During the evaluation of 23 judge models (PR #8), several reliability issues were identified that warrant future investigation.


1. High Rate of Invalid Responses

Analysis of None/invalid judgments revealed the following breakdown:

Failure Type Proportion Cause
Empty Response ~80% API failures, rate limiting, network errors
Truncated Response ~15% Token limits, timeouts
Format Non-compliance ~5% Model not following [[A>B]] output format

Example: minimax-m2 had only 50% valid responses, with 260/311 failures being completely empty responses.


2. Proposed Solutions

2.1 Retry Logic Enhancement

  • Differentiate failure types: Empty responses (API-level failures) should trigger immediate retry, while truncated responses may need increased max_tokens.
  • Exponential backoff: Implement smarter retry strategies for rate-limited requests.
  • Consider local inference: Integrate ktransformers or transformers for models that can run locally, eliminating API reliability issues.

2.2 Voting / Ensemble Mechanism

  • Multiple submissions: Allow each judgment to be submitted N times and use majority voting.
  • Confidence scoring: Weight judgments by model confidence or response completeness.
  • Cross-validation: Compare results across multiple judge models for consensus.

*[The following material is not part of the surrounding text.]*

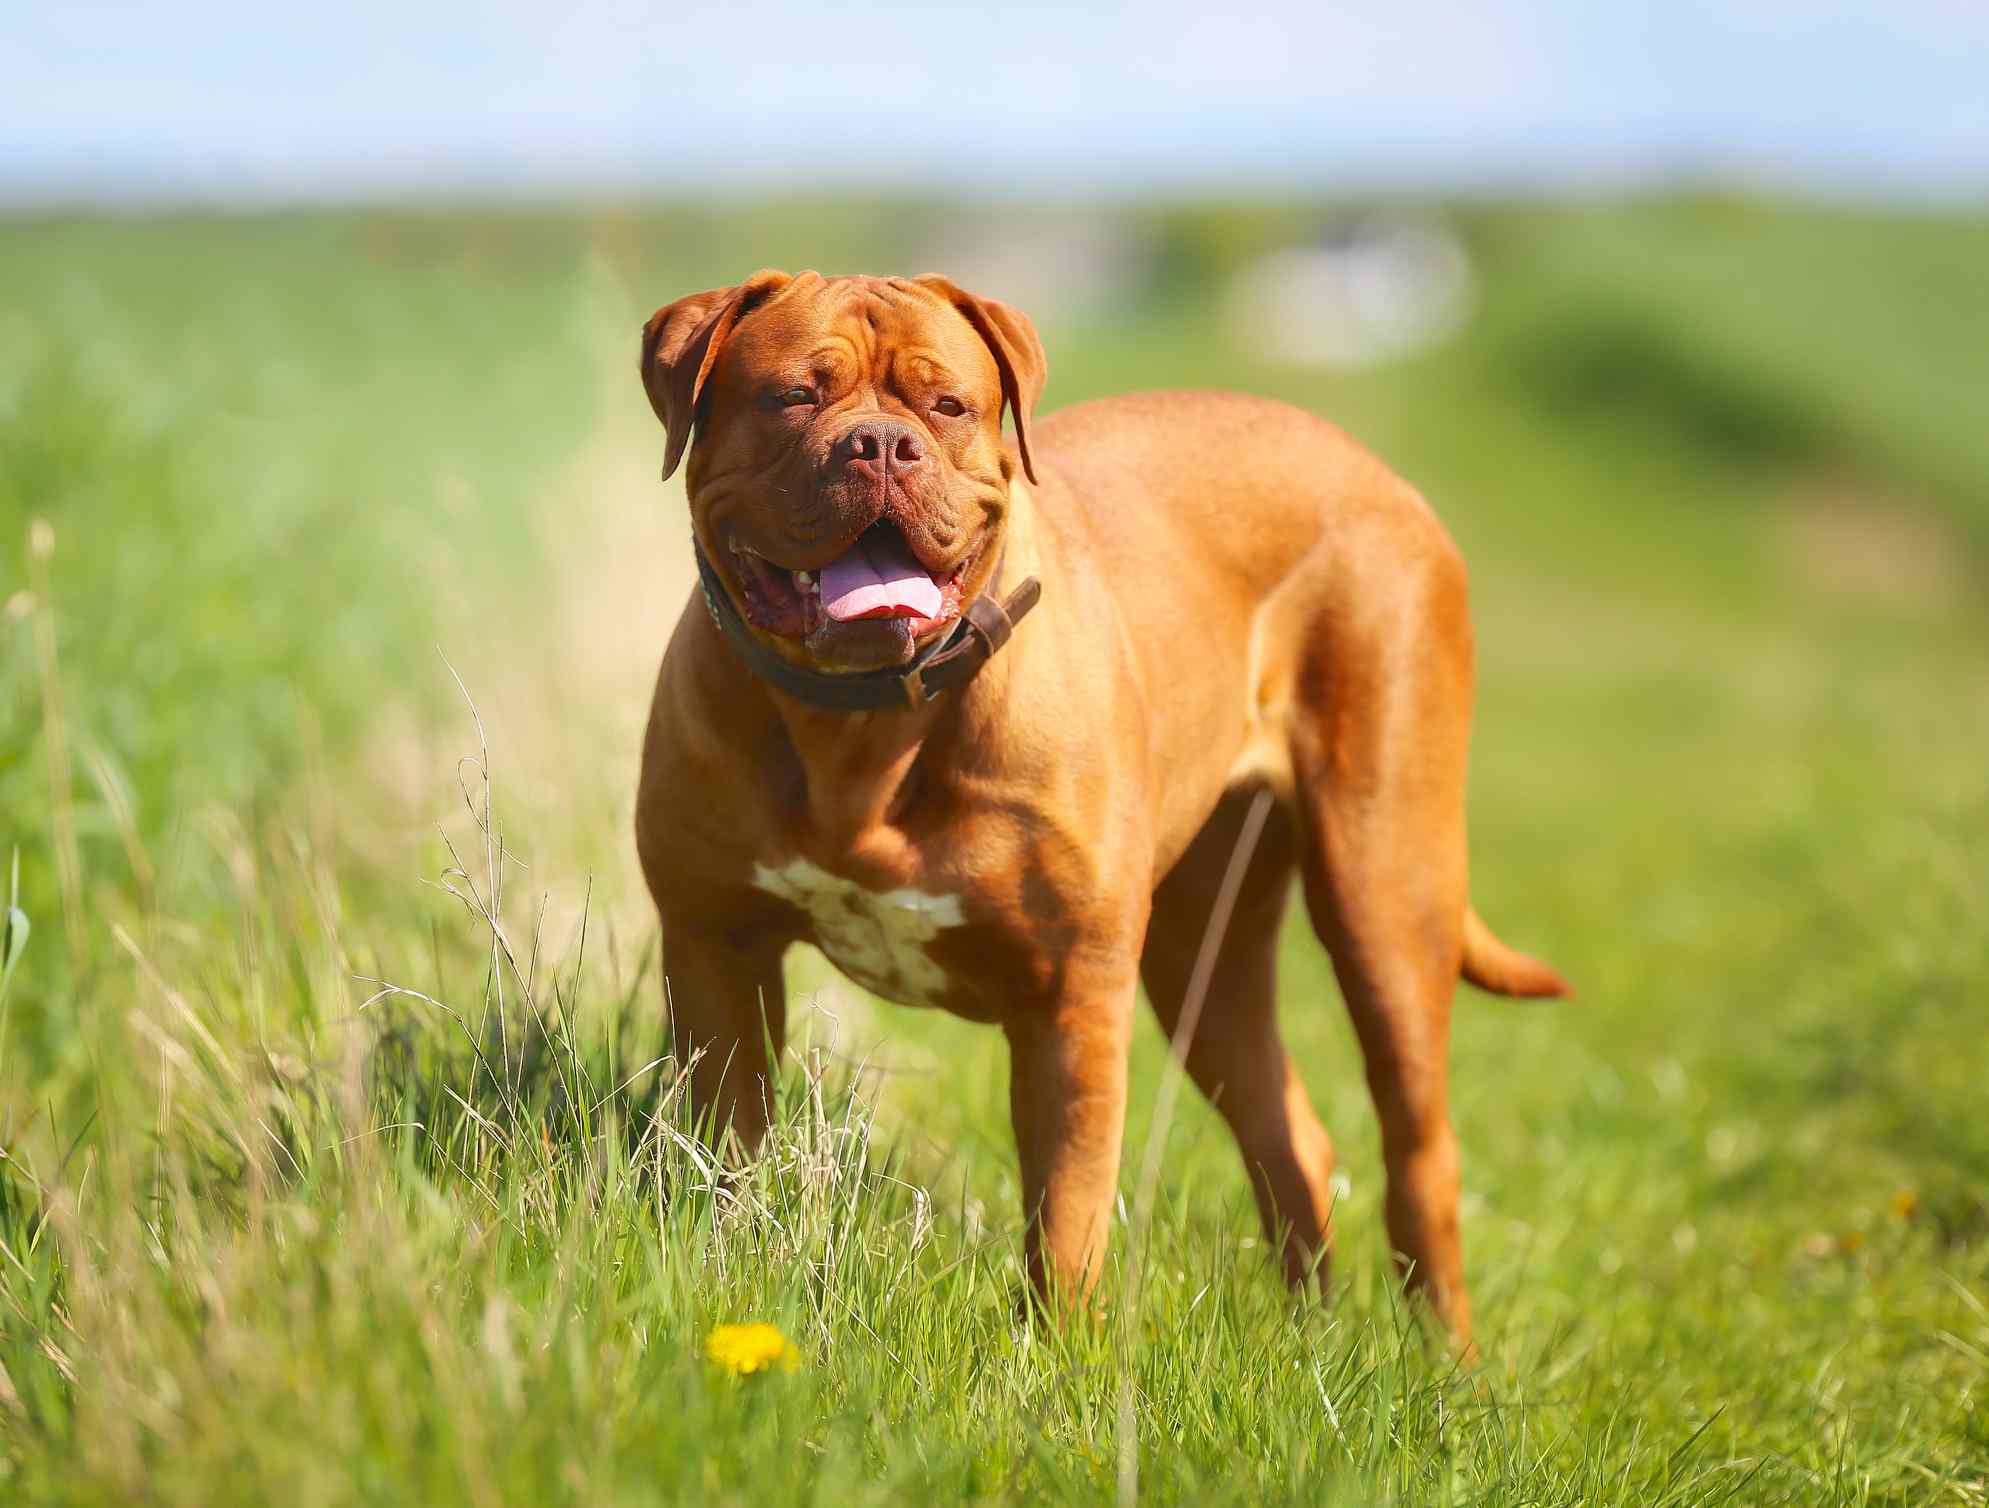 Dogue De Bordeaux standing in a grassy field

2.3 Token Limit Optimization

  • Set appropriate max_tokens: Current responses sometimes include excessive reasoning. Setting a reasonable cap (e.g., 2048-4096 tokens) could:
    • Reduce latency and API costs
    • Force models to be more concise
    • Prevent truncation by ensuring completion within limits
  • Structured output: Consider using JSON mode or structured outputs to ensure the [[A>B]] verdict is always included.

3. Recommendations

  1. Implement retry with failure classification: Retry empty responses immediately; increase token limit for truncated responses.
  2. Add max_tokens configuration: Allow users to specify output token limits per model.
  3. Explore local inference options: For reproducibility and cost savings, support local model execution via transformers or ktransformers.
  4. Voting mechanism: Implement optional N-way voting for higher-stakes evaluations.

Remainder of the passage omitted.